§ **Problem description**
Transcribe all of the data exactly. Images stay out.

§ **Supplied material**

>>>

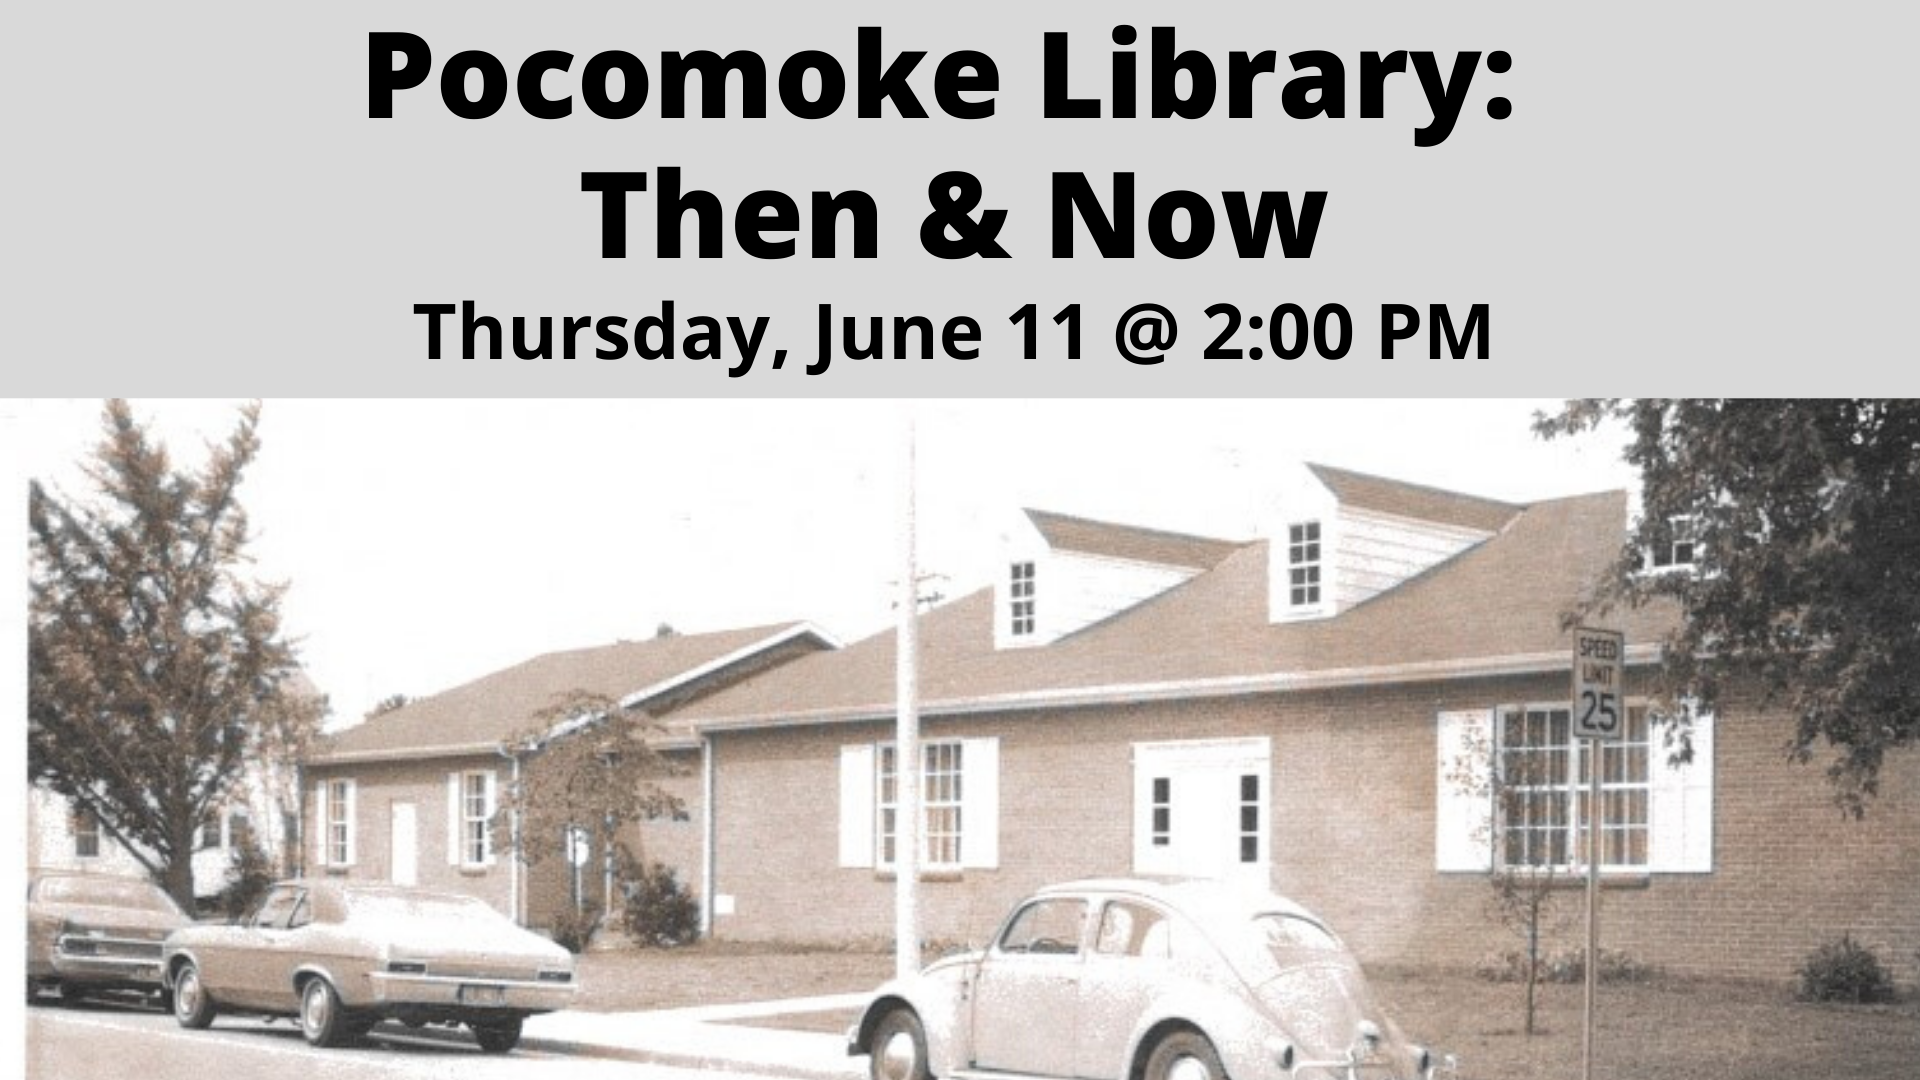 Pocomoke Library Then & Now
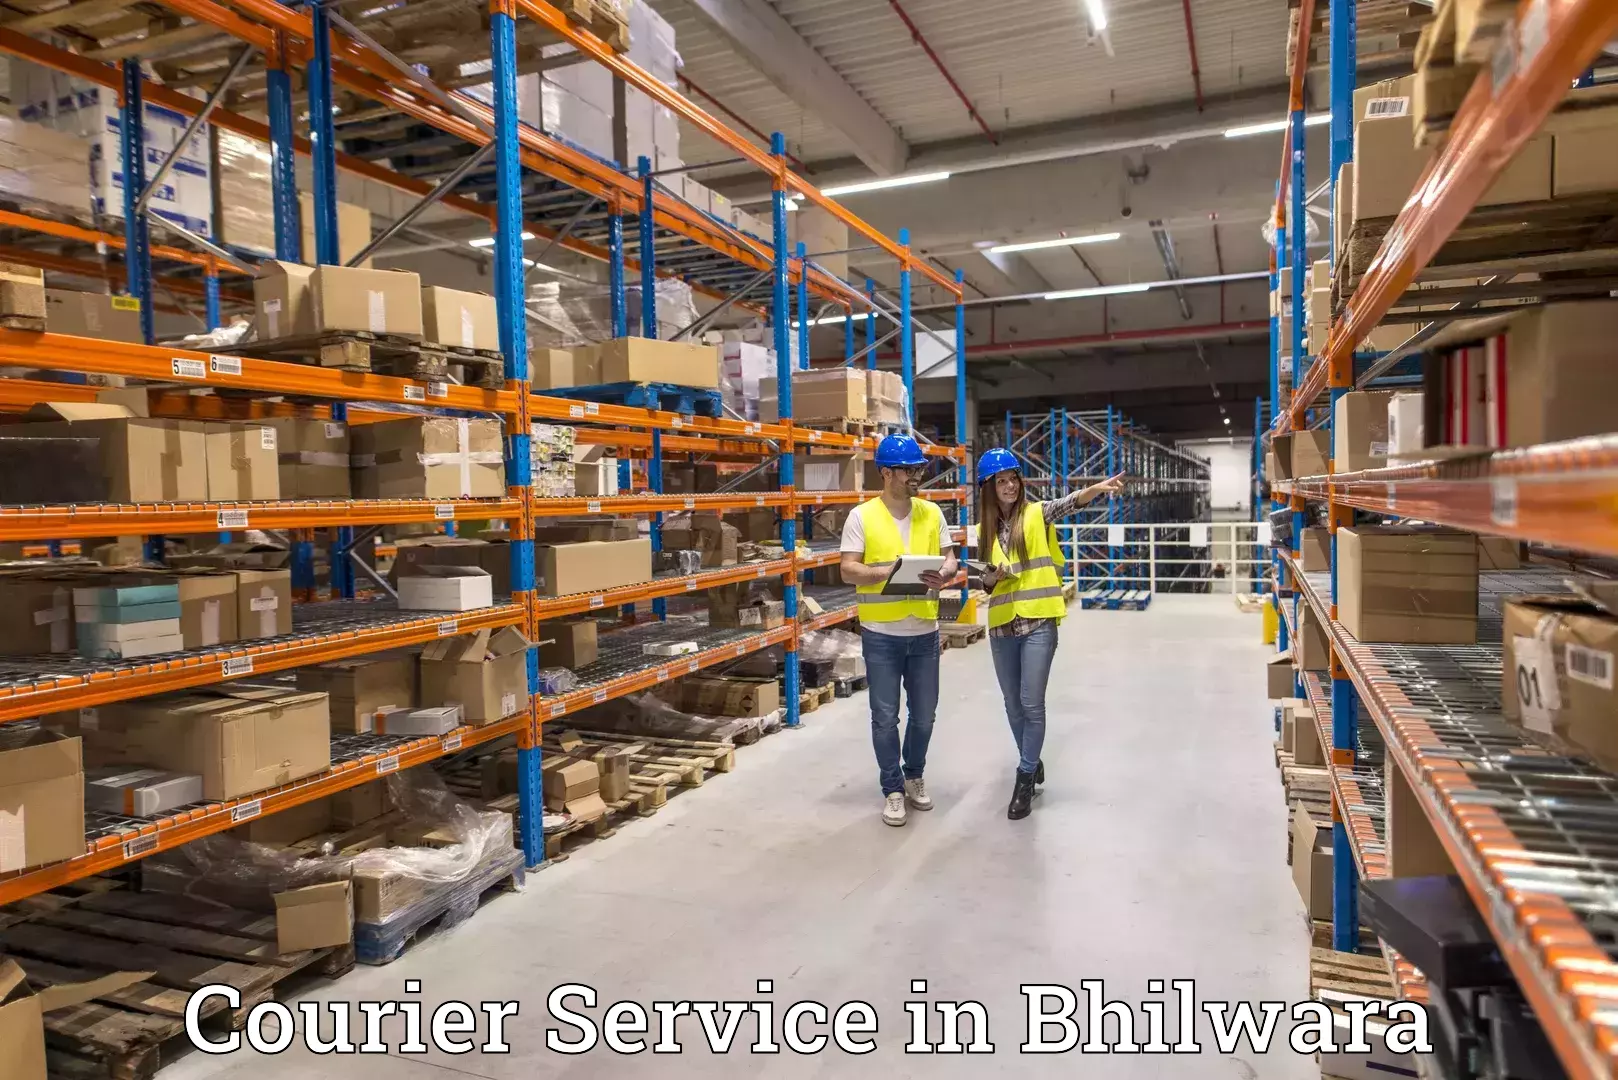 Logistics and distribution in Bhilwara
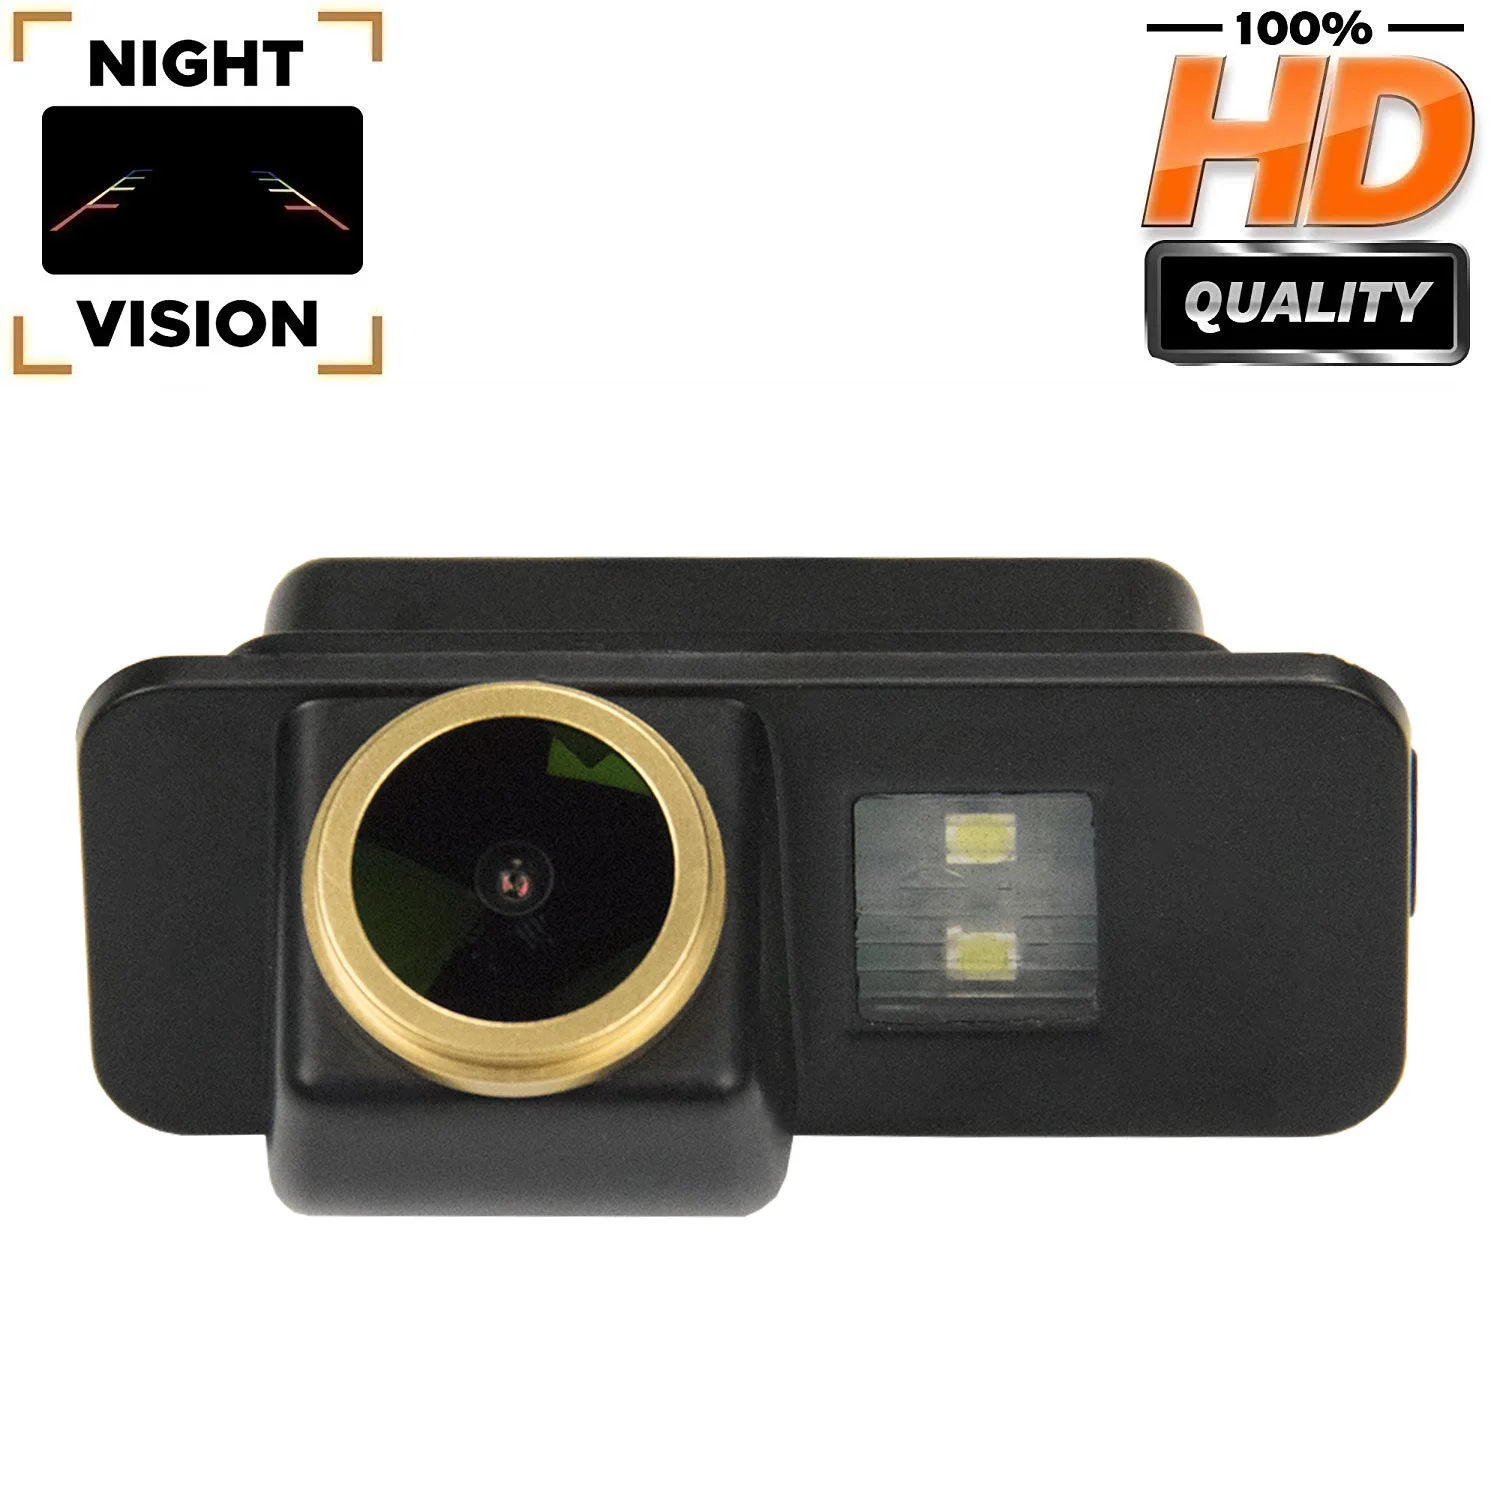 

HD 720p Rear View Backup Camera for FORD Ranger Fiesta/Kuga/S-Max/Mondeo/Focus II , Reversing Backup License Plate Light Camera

<<<

§ **Exercise output**
 Pocomoke Library Then & Now
 Logistics and distribution in Bhilwara

HD 720p Rear View Backup Camera for FORD Ranger Fiesta/Kuga/S-Max/Mondeo/Focus II , Reversing Backup License Plate Light Camera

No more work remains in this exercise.